The milk line, the area possessing mammary inductive capacity, is considered to extend from the axilla to the groin [1]. To our surprise, we observed faint NF-κB reporter activity from E11.0 onwards also in the neck area, anterior to mammary bud 1, which was substantially more pronounced in K14-Eda embryos (arrowheads in Fig 1). In K14-Eda embryos, reporter expression was confined to one or up to four small foci suggesting that supernumerary placodes were induced in the neck region. In situ hybridization analysis revealed high focal expression of Wnt10b, as well as Dkk4, another placode marker [28] in endogenous placodes of E11.25 wild type and K14-Eda embryos, as well as in the neck region (Fig 1G and 1H). The latter coincided with the site of ectopic placodes marked by NF-κB reporter expression in K14-Eda embryos (compare Fig 1G and 1H to Fig 1A–1C).
To analyze more in detail NF-κB activity, we sectioned whole mount stained reporter embryos (Fig 2). NF-κB activity was present throughout the developing mammary epithelium in control and K14-Eda embryos at E12.5, similar to expression of Edar (Fig 2A and 2B).
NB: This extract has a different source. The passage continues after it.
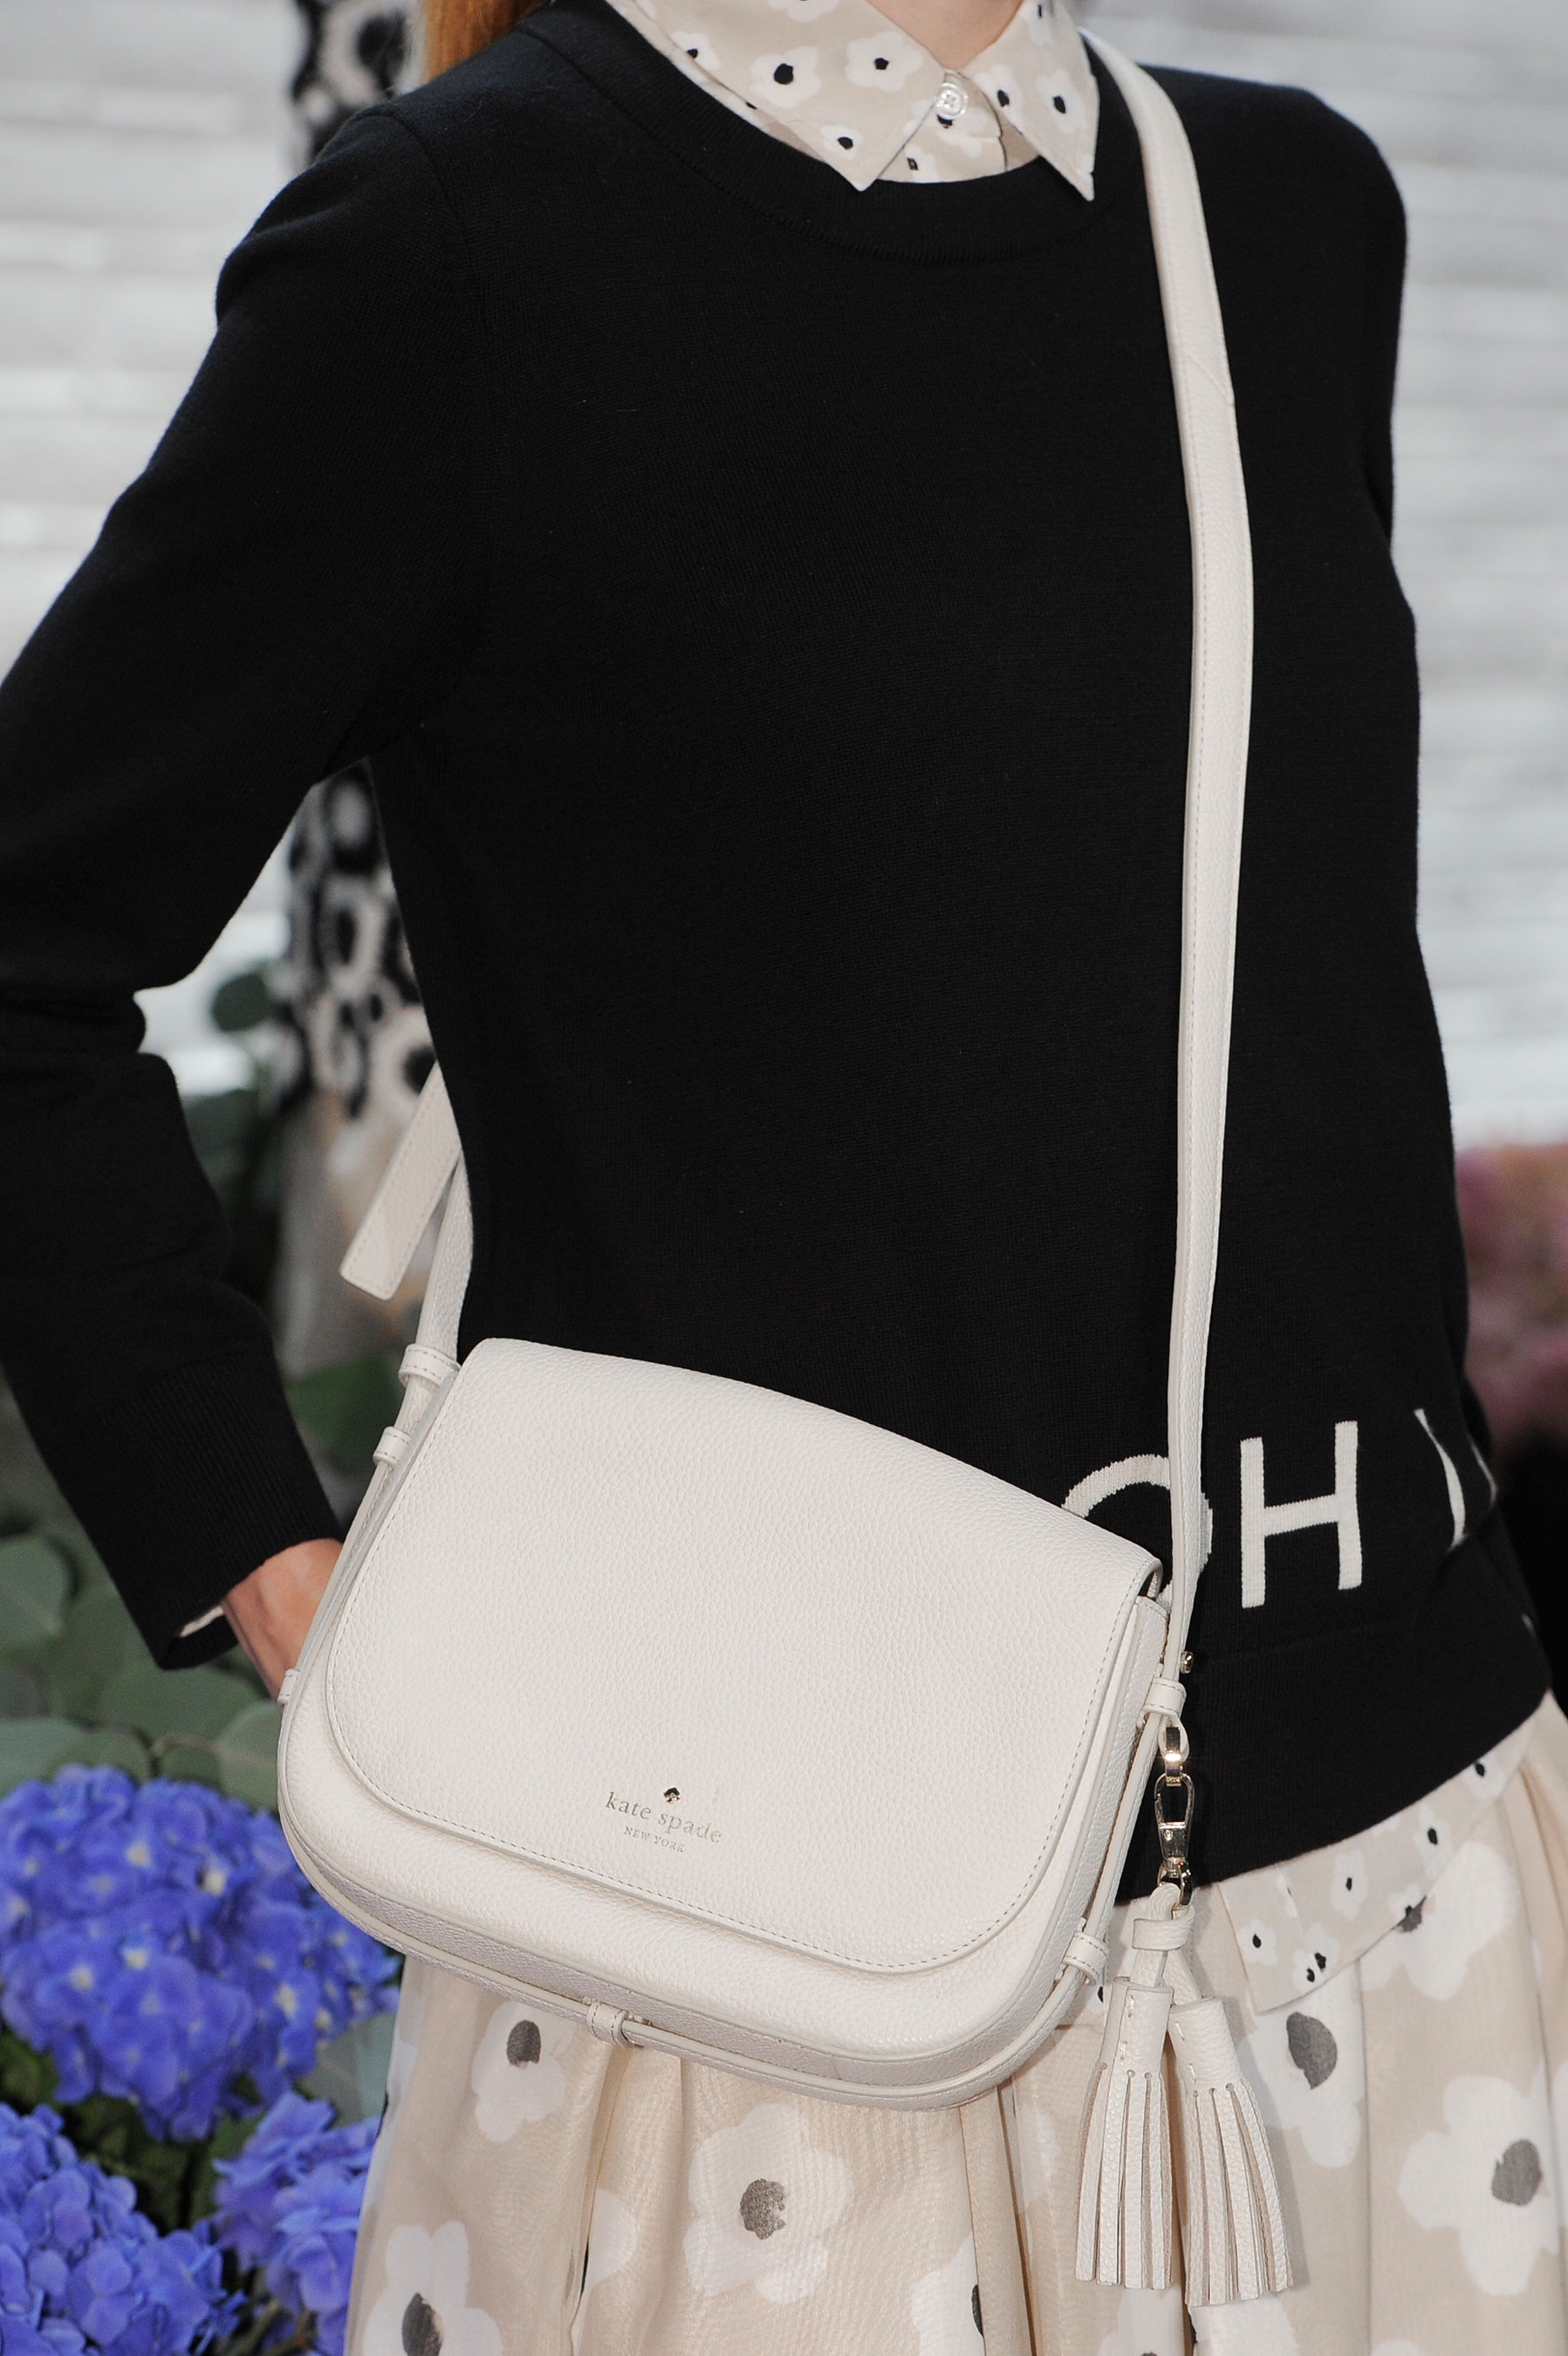 prada mini bag pink - Spring 2016 Bags - The Best Handbags From New York Fashion Week ...

At E13.5, NF-κB reporter activity was mainly confined to the basal cells in control embryos (Fig 2B), but remained high throughout the bud in K14-Eda embryos (Fig 2C). Further, sectioning confirmed that supernumerary neck placodes were truly thickened at E12.5 (Fig 2D, left column) and showed that supernumerary mammary buds, in particular those between buds 3 and 4, consisted of both reporter positive and negative cells (Fig 2D, right column).
Supernumerary mammary buds in the neck give rise to ectopic mammary glands in the adult
Supernumerary mammary placodes forming between gland 3 and 4 give rise to nipples with an associated ductal system in K14-Eda adults, and are responsive to pregnancy hormones [26]. As suggested by embryonic analyses (Fig 1), a nipple was observed also in the neck region and was often accompanied by accessory, smaller nipple-like structures (Fig 3A). However, the nipple-like structures in the neck region did not express keratin 2e, a specific marker of nipple epithelium [29] indicating defective differentiation of the nipple epithelium (Fig 3B). Surprisingly, the neck region was also capable of supporting ductal morphogenesis (Fig 3C). Similar to the supernumerary glands located between glands 3 and 4 [26], the ductal trees in the neck were considerable smaller than those of the endogenous glands and displayed typical pregnancy-associated morphological changes (Fig 3D and 3E).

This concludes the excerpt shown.